DATA UNDER STUDY:
--- --- ---

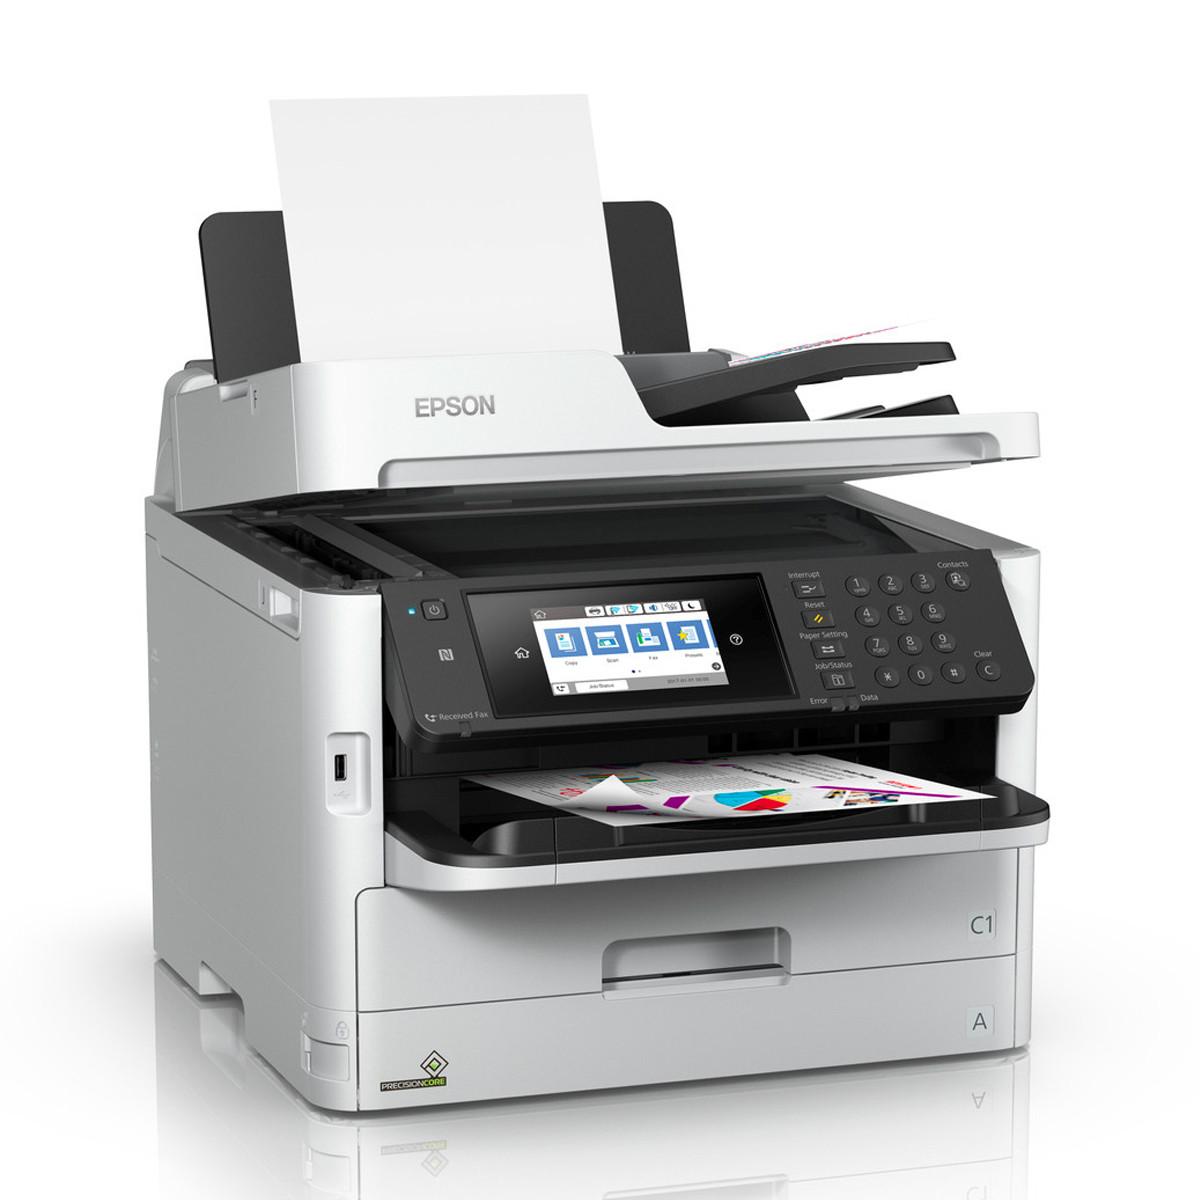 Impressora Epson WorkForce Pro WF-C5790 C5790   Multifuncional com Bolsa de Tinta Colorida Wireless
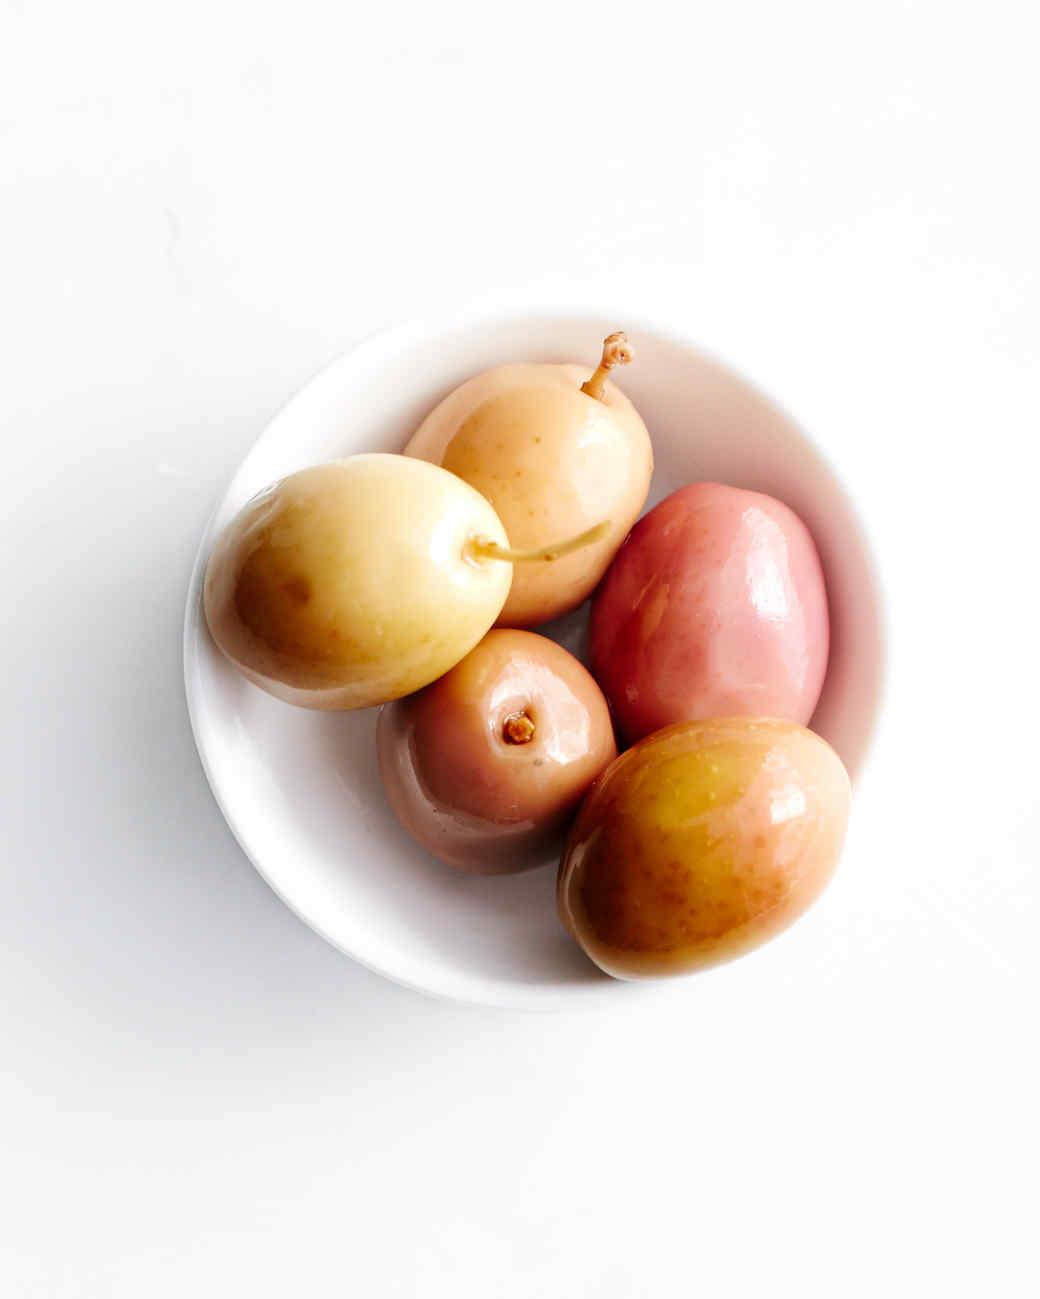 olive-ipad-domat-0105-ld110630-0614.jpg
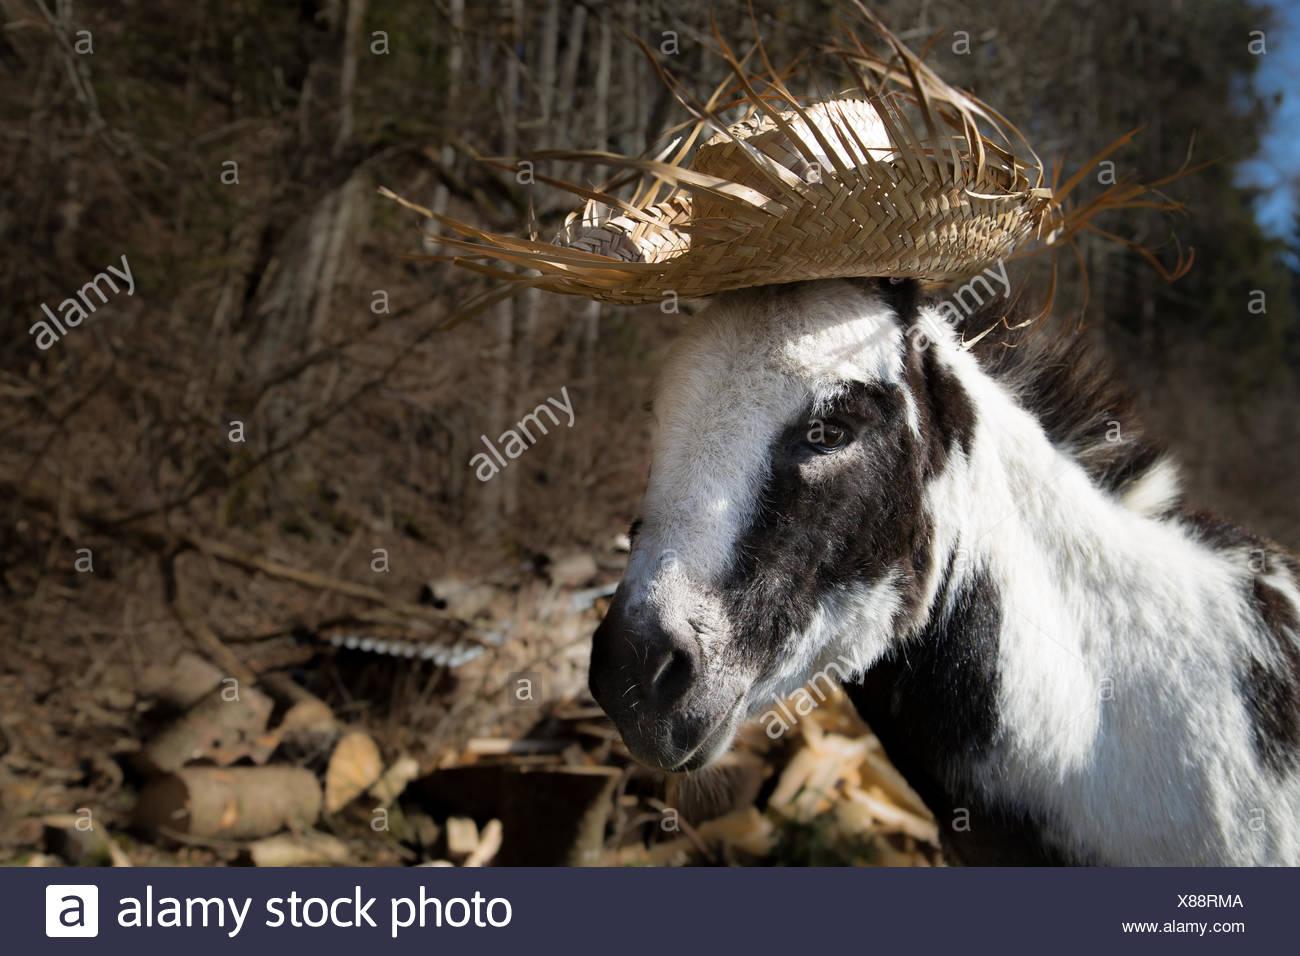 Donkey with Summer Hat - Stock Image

--- --- ---

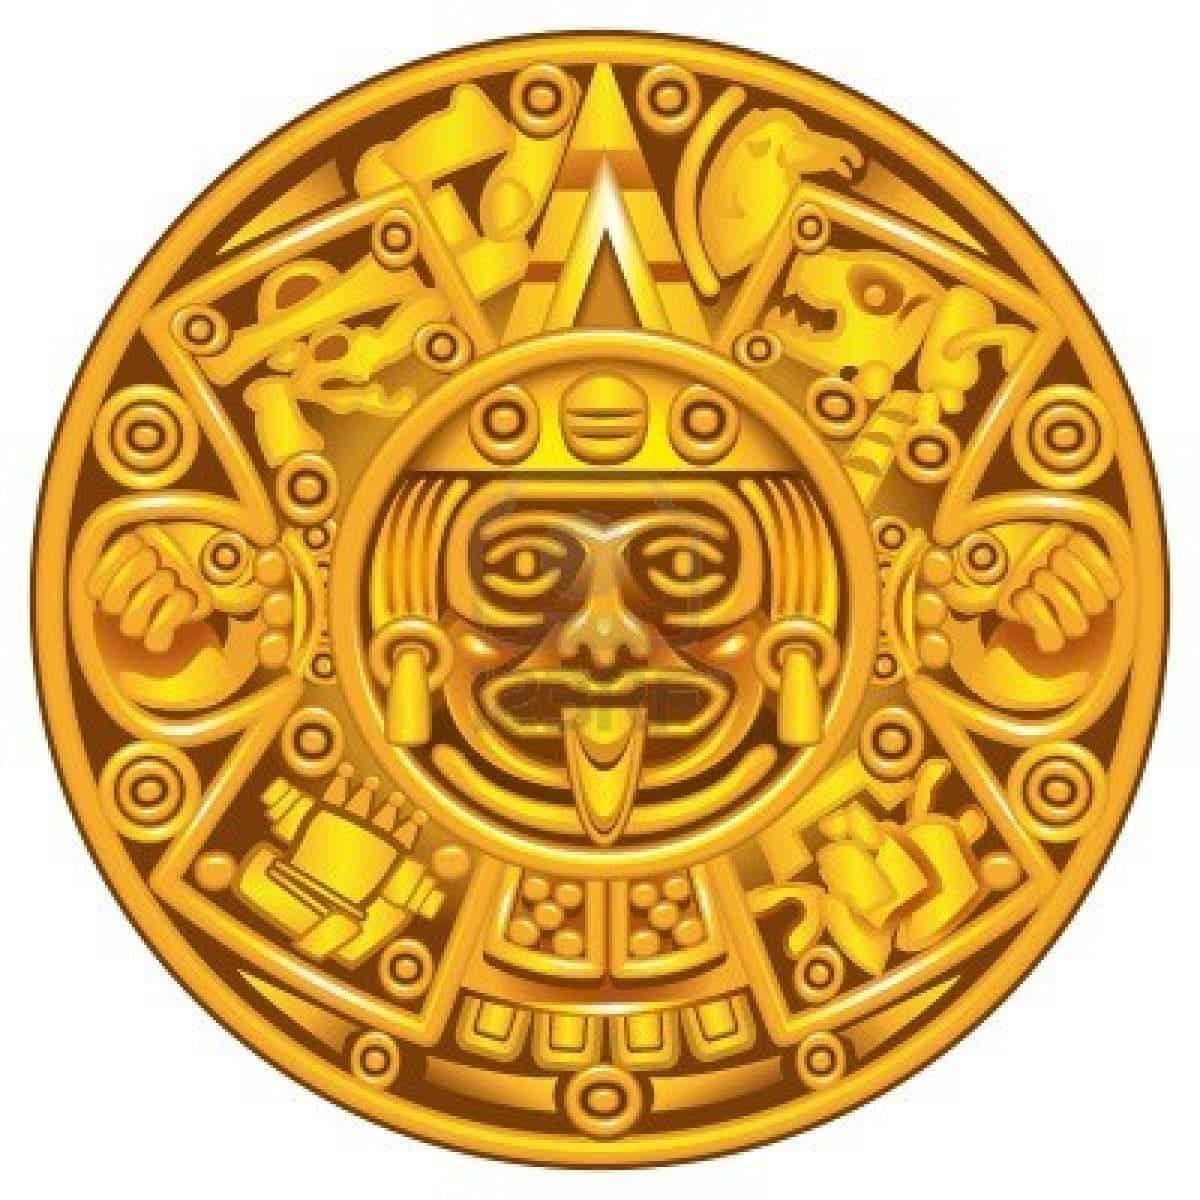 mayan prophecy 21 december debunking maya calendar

--- --- ---

GOAL OF THE EXERCISE: Starting at the line containing "Impressora Epson WorkForce" and stopping at the line containing "Donkey with Summer Hat - Stock Image", output each line exactly as it appears above. Leave out the pictures.

OUTPUT FOR THIS EXERCISE:
 Impressora Epson WorkForce Pro WF-C5790 C5790   Multifuncional com Bolsa de Tinta Colorida Wireless
 olive-ipad-domat-0105-ld110630-0614.jpg
 Donkey with Summer Hat - Stock Image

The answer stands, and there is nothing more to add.